Stark managed to leave the cage with the help of another animal trainer, and insisted on changing out of her blood-soaked stage clothing before going to the hospital. Doctors sewed muscles and skin back together with 378 stitches, but did not expect her to survive. She was back to work within a few weeks, although the injuries troubled her and she was in and out of hospitals several times over the next two years for further muscle repair.
That was only the first of three serious maulings Stark suffered. In 1933, during a show featuring 18 tigers, one bit through her arm. She finished her act with the arm hanging limp before seeking medical attention. In 1950, Stark survived her third serious mauling, when her right arm was so mangled that it required 175 stitches. Once again, she recovered. But those were just the "severe" maulings -Mabel Stark had many other incidents in which she was injured by a big cat throughout her career. She always blamed herself, or other factors, but never the tigers. She loved them and respected them, but also said there was no such thing as a "tame tiger."
Stark announced her retirement a couple of times, but always returned to performing. She appeared with various circuses through the 1930s. She worked as a stunt double in the lion-taming scenes for Mae West in the 1933 film I'm No Angel, which West wrote, possibly inspired by Stark's career. Hollywood work introduced Stark to Louis Goebel's Jungleland, a Thousand Oaks, California, facility that housed trained animals for movies. It later became a theme park, and Mabel Stark went to work there in 1938, eventually on a permanent basis. During her 30 years at Jungleland, she also found time to take her tiger act on the road to Europe and Japan. And she got married for the last time. Her fourth (or possibly fifth) husband was menagerie keeper Ed Trees, who died in 1953.

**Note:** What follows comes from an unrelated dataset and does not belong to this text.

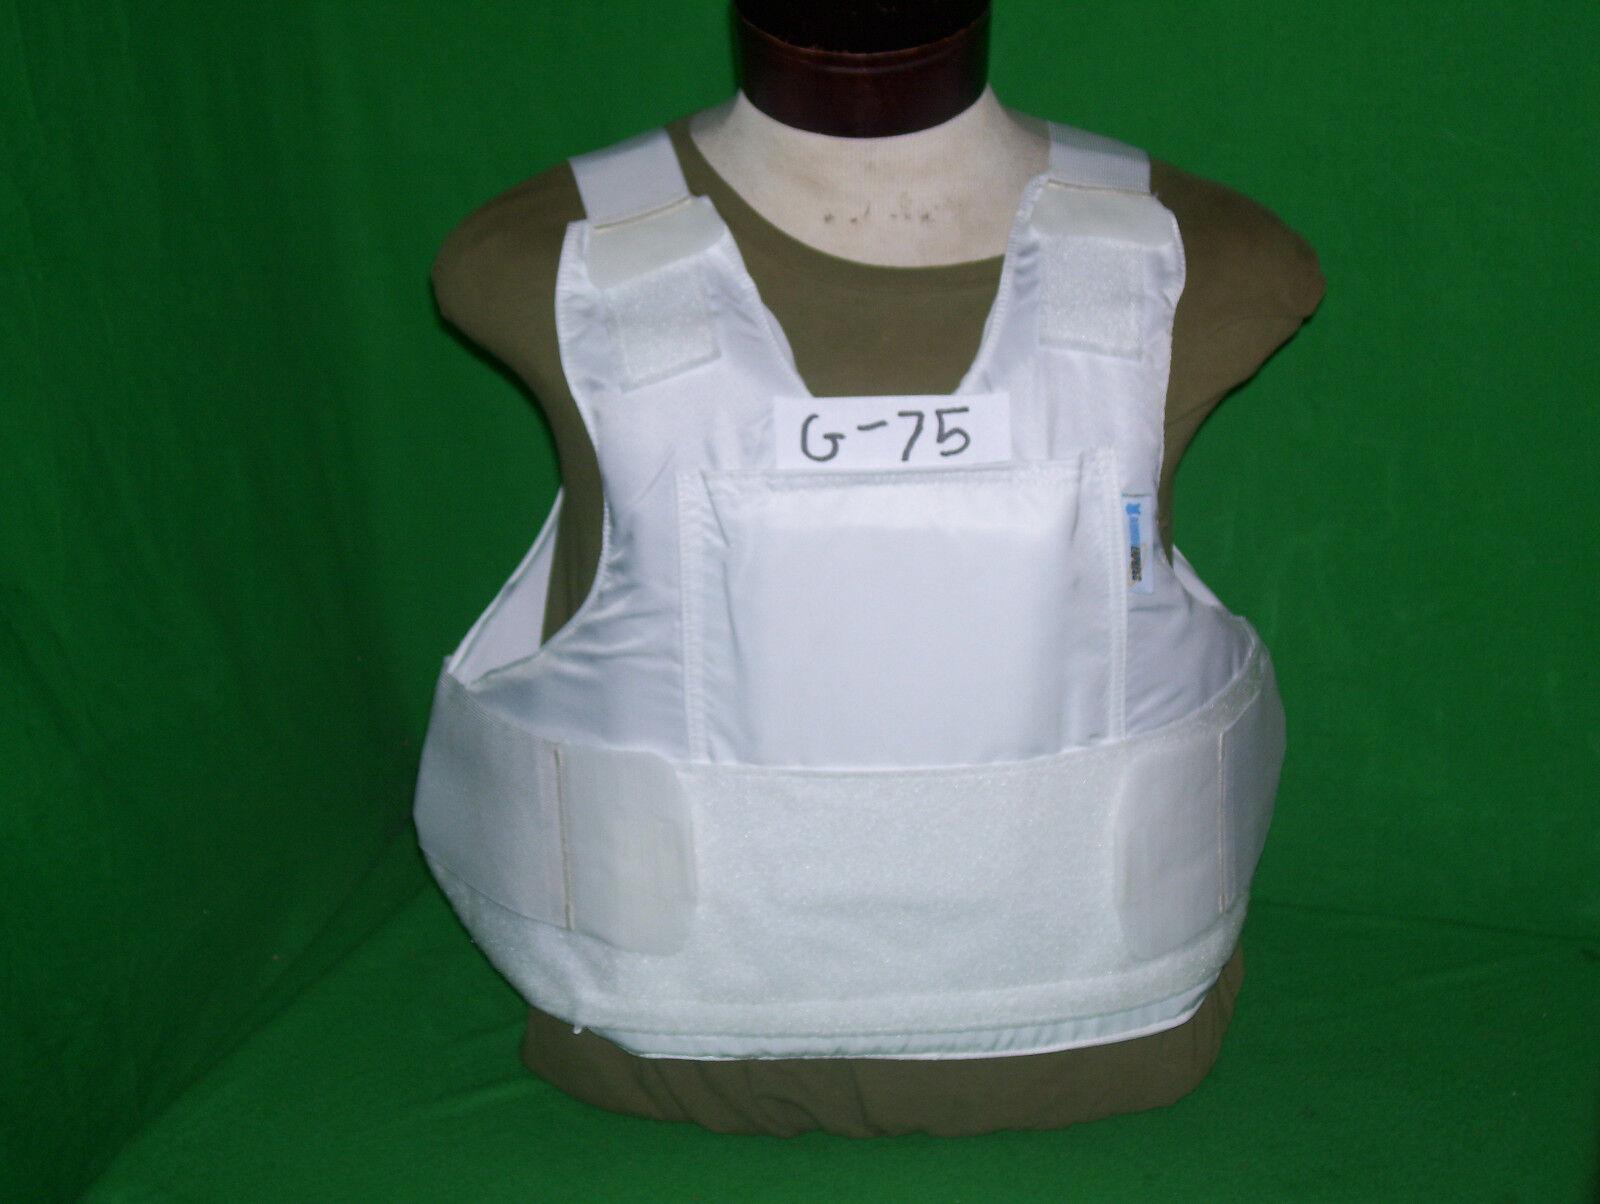 Armor Express Armor Bullet Proof Vest Level IIIA-X-Large-REG NOS 2015+5X8  G-75

Jungleland was bought and sold several times during Stark's tenure, and the park declined financially through the 1960s (it was finally dismantled in 1969). The new owner in 1968 did not like Stark, and fired her. The 79-year-old tiger tamer did not want to retire. The loss of her job, combined with an incident in which one of her tigers escaped and was killed, sent her into despair. Mabel Stark took an overdose of barbiturates, and was found dead by her housekeeper on April 20, 1968. According to her 1938 autobiography Hold That Tiger, Stark would have preferred to die at the hands of a tiger than by any other means, but it was not to be. She had already survived that fate.